Standard advice for an average 20g lower-light tank would be around 1.0-1.5 wpg of CF lighting with decent reflectors. This advice might not hold true for large tanks, since they require less light than smaller tanks, using the "watt per gallon" guideline. A factor that would argue for a bit more light would be the increased depth of most larger tanks, but this is more a function of total distance from the light source than it is loss of light due to water absorption.

Most people would consider 2.5 wpg to be fairly high-light for a tank of this size. For comparison, I have a 180g tank that I use MH's and T-5 lighting over. I use 11 hrs of 39Wx4 for 0.87 wpg and an additional 150Wx3 MH for the middle 4.5 hours for a total of 3.36 wpg. The 0.87 wpg of T-5's is fine for viewing and would probably grow most lower-light plants. If I were doing it though, I'd recommend just a bit more than this - probably 1.0-1.2 wpg. This would fit nicely in the range of your option of 2x36" = 192W.

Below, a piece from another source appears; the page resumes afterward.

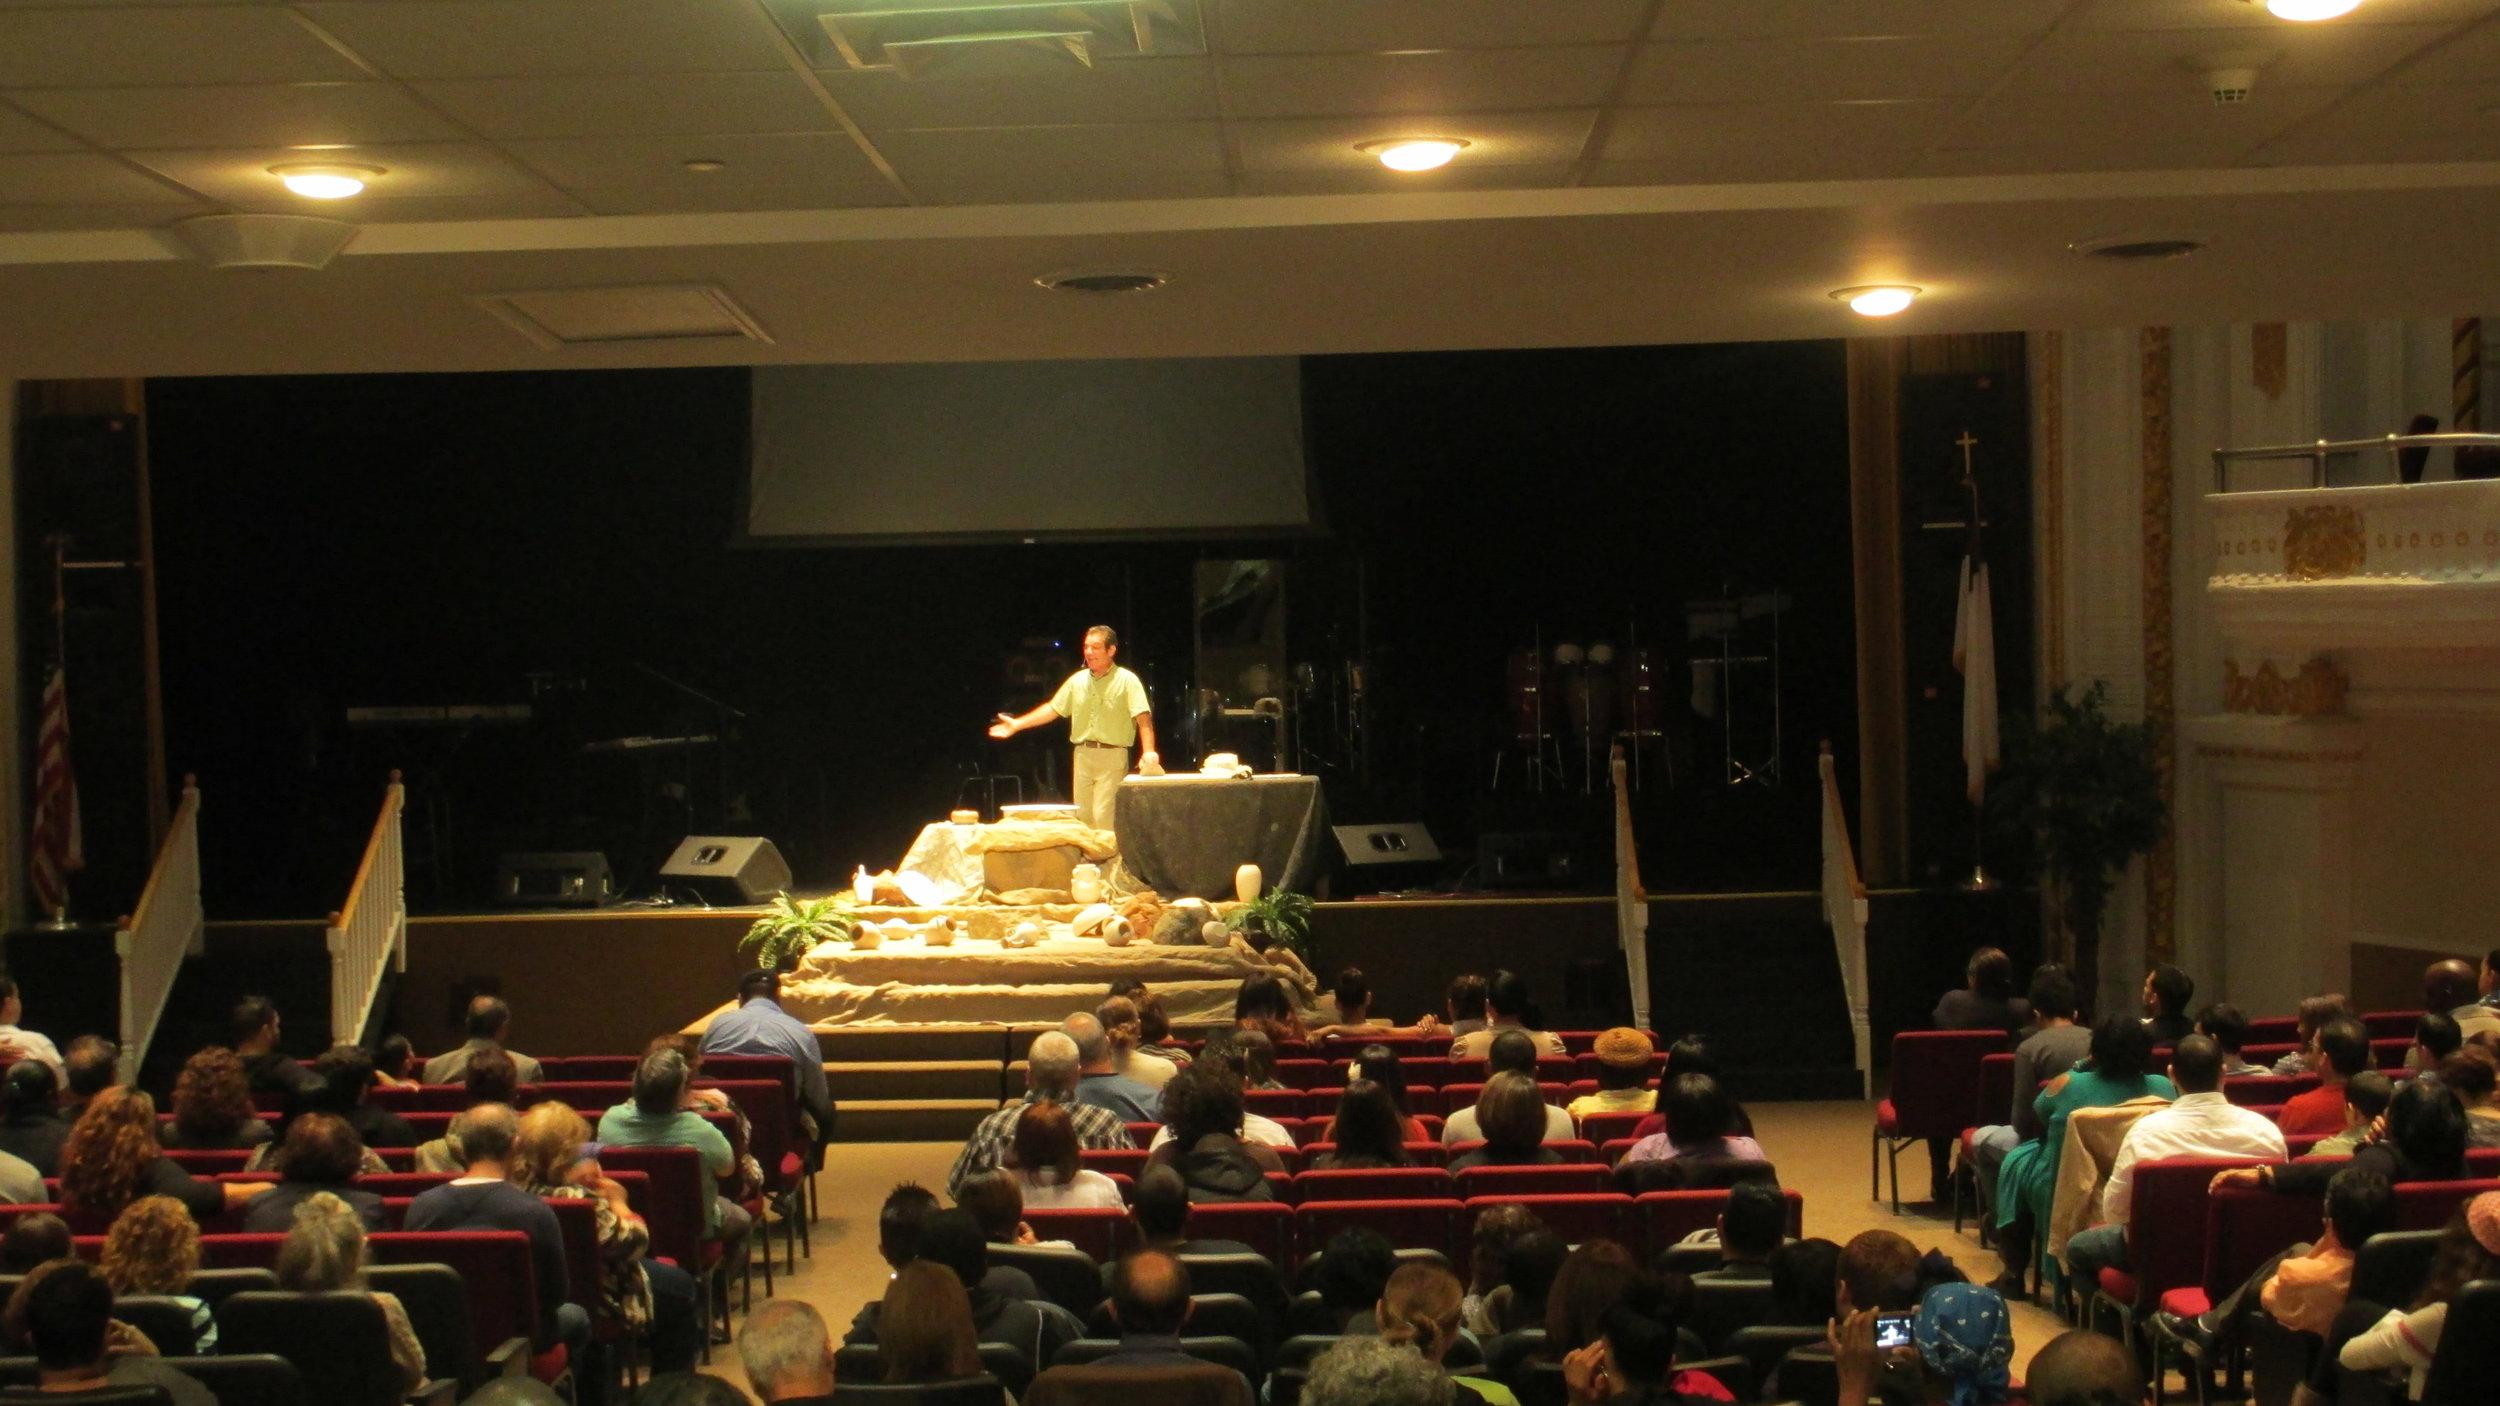 Christ Fellowship, Elizabeth, NJ 011.JPG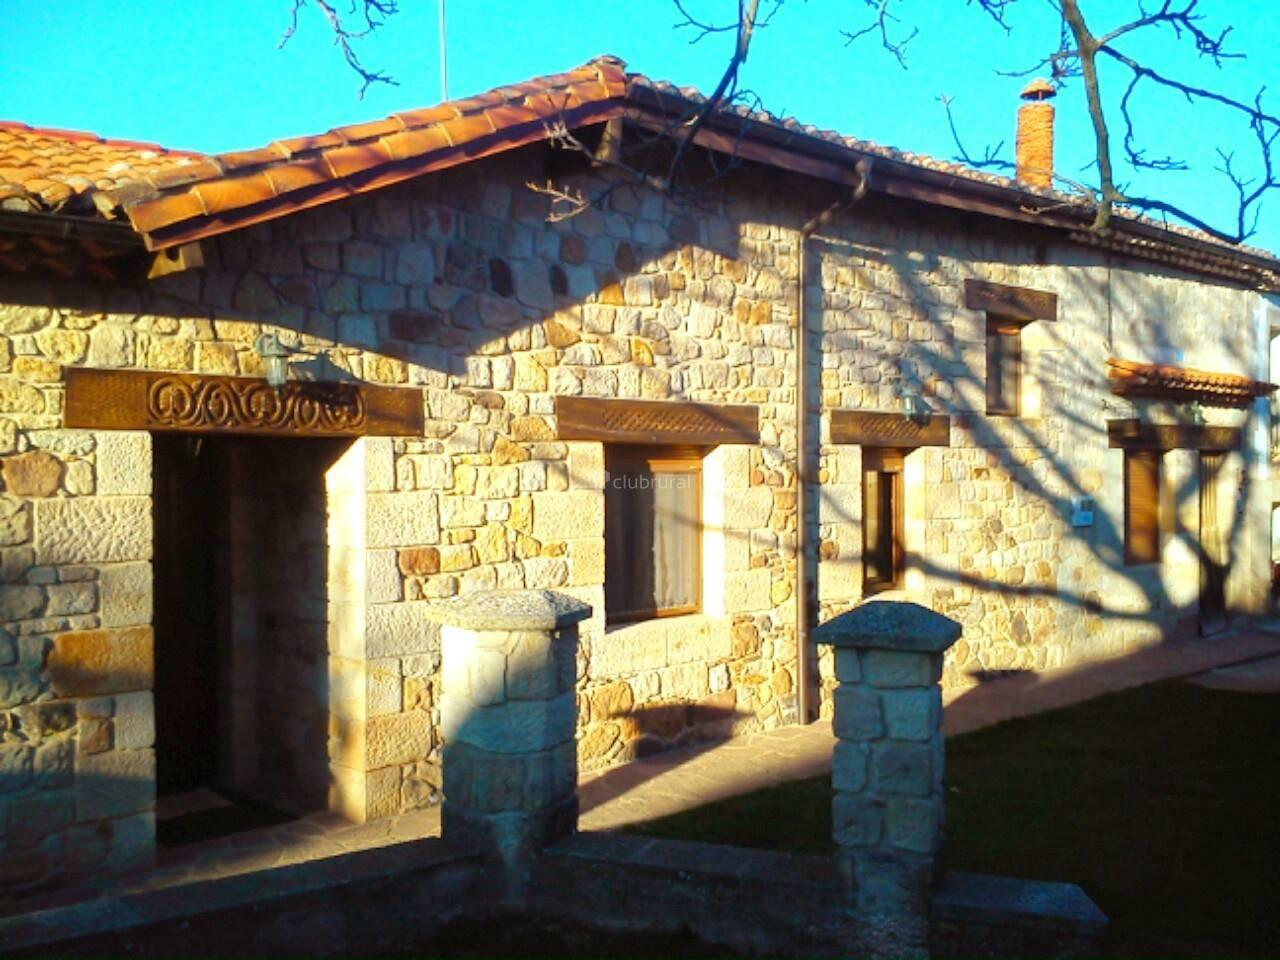 Fotos de la chimenea serrana burgos hacinas clubrural - La casa de la chimenea ...

The single 48" fixture would probably not light the sides very well - producing visible dark areas at the edges. How's that for a long answer to a simple question?


----------



## humper (Jan 26, 2007)

Thats a great answer. Im just trying to soak up everything I can. Thanks a ton for the help. 6700K bulbs are good to get correct?


----------



## dennis (Mar 1, 2004)

Yep Anything between 5000K and 10000K is typically good. many people mix and match bulb colors to get a compromise. IMO, 6700k is way to yellow looking, though it grows plants fine. 10000k is a little blue often and its at the edge of what the plants prefer. A combination of both would be nice, IMO. Also, I really like the Current Dual Daylight bulbs, though I do not know if the come in 96watt or what fixture you were lookign at.


----------



## humper (Jan 26, 2007)

Im looking at the odyssea...I know people say they arent very good but I cant afford $400 for lighting. If you all know of any other systems that arent so expensive I would be glad to know of them. THanks so much.


----------



## dennis (Mar 1, 2004)

Not sure about the pricing but I really like the Current satellite fixtures or you could build a hood and put in AH supply retrofit kits. If your really in bind, rain gutter makes a quick and fairly attractive hood/housing and they make endcaps for the gutter. Two lengths of gutter with 2x96watt AH Supply retros in it would work very well.


----------



## humper (Jan 26, 2007)

ok ill look into that. Thanks for the help


----------